One thing that makes Cloudflare worse for home usage is it acts as a termination point for TLS, whereas Tailscale does not. If you use a Tailscale Funnel, you get the TLS certificate on your endpoint. With Cloudflare, they get a TLS certificate for you, and then strip and optionally re-add TLS as traffic passes through them.

I actually have no idea how private networks with WARP are here, but that's a pretty big privacy downgrade for tunneling from the Internet.
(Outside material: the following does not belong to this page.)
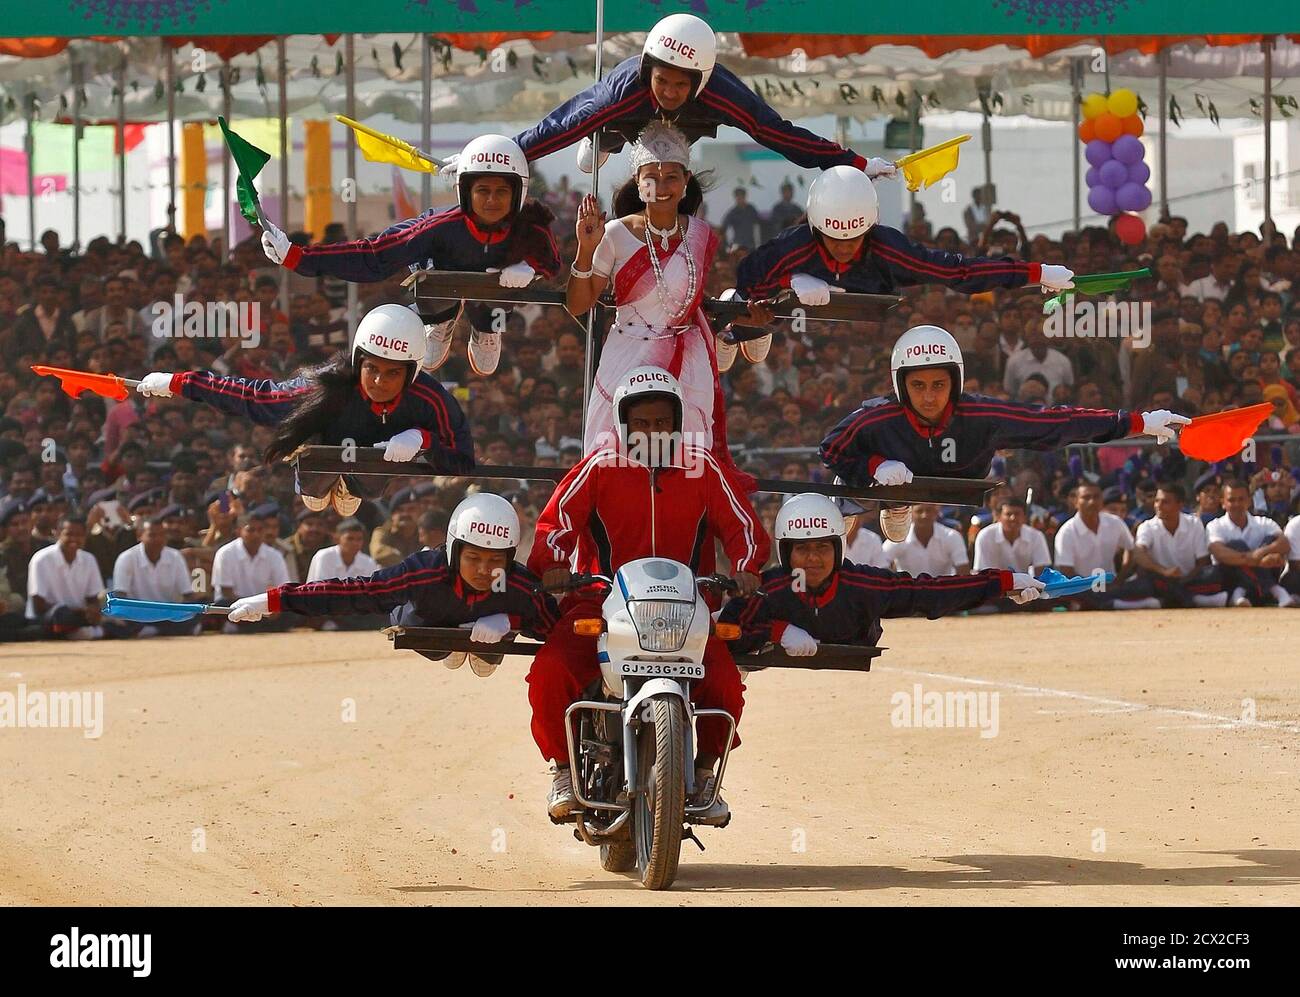 Members from the Gujarat Police perform a dare-devil show on their motorcycle during Republic Day celebrations at Himmatnagar town, about 69 km (43 miles) east from the western Indian city of Ahmedabad, January 26, 2014. India celebrates its 65th Republic Day on Sunday. REUTERS/Amit Dave (INDIA - Tags: POLITICS ANNIVERSARY SOCIETY) Stock Photo

I also consider P2P with relay fallback to be highly desirable over always relaying traffic through a third party, too. Firstly, less middlemen. Secondly, it continues working even if the coordination service is unavailable.

keehun

TLS termination is neither required nor enabled by default, right?

jchw

For tunnels many of the features basically have to work this way, so I'd be surprised if you could avoid it. It's also impossible to avoid if you use normal Cloudflare "protected" DNS entries. You can use Cloudflare as just a DNS server but it's not the default, by default it will proxy everything through Cloudflare, since that's kind of the point. You can't cache HTTP requests you can't see.

crimsonnoodle58

Correct. We run it without it and just use the DNS filtering aspect.

philipwhiuk

How does it do DNS filtering without TLS interception - takeover for DNS resolution?

yegle

Free Cloudflare account cannot be used to serve my Plex server. To me that's a no-go.

The specific term is: https://www.cloudflare.com/service-specific-terms-applicatio...

qudat

Nice article. For easily exposing private services to the internet I’ve been using https://tuns.sh which lets you run ssh tunnels. It’s nice for a zero install solution.

plantinthebok

What's the actual win here? Avoiding relay latency in the rare cases Tailscale can't punch through NAT? If that's it, a $3 VPS running Headscale seems simpler. The complexity feels like you're optimizing for the 5% case while adding permanent vendor lock in. What am I missing?

zrail

Tailscale has what they call Peer Relays now to help solve this problem:

https://tailscale.com/blog/peer-relays-beta

k_bx

$3 VPS running Headscale is not simpler since you won't be able to run both headscale and tailscale on your end user machines, I don't recommend it.

The solution we've found is running a white IP container (or VPS) which looks like regular Wireguard outside, while inside it "forwards" to your existing tailscale network.

I don't remember if we use https://github.com/gravitl/netmaker or https://github.com/juhovh/tailguard

Also see: https://tailscale.com/blog/peer-relays-beta

killingtime74

For many homelabbers, just being cheap and avoiding the $3 VPS, that's it

comrh

I dont even pay anything, my tiny homelab is completely covered by the free tier

throwaway678339

I don't think you are missing anything. They have a bunch of half baked features like this that aren't as robust as real security vendors and lock you in just like you said.

josteink

Maybe I’m misunderstanding something…

But are you accusing someone of promoting vendor lock-in (cloudflare) while at the same time promoting vendor lock-in (tailscale)?

If you’re ok with vendor lock-in, shouldn’t you in theory be ok with any vendor?

bingo-bongo

Headscale is the not-vendor-login version of Tailscale.

fragmede

No. Not all vendors are equal. We can treat ProtonMail differently then Gmail, for example. Looking at what's gone down with VMware, definitely don't get in bed with Broadcom.

hexbin010

This seems like an excellent guide. I love these "how the pieces fit together" kind of guides.

Perhaps CF could license it and slap it in their docs!

yuvadam

Tailscale now has the awesome feature of peer relays and now there's no more excuses why you can't traverse that NAT and you can forget about all those DERP servers.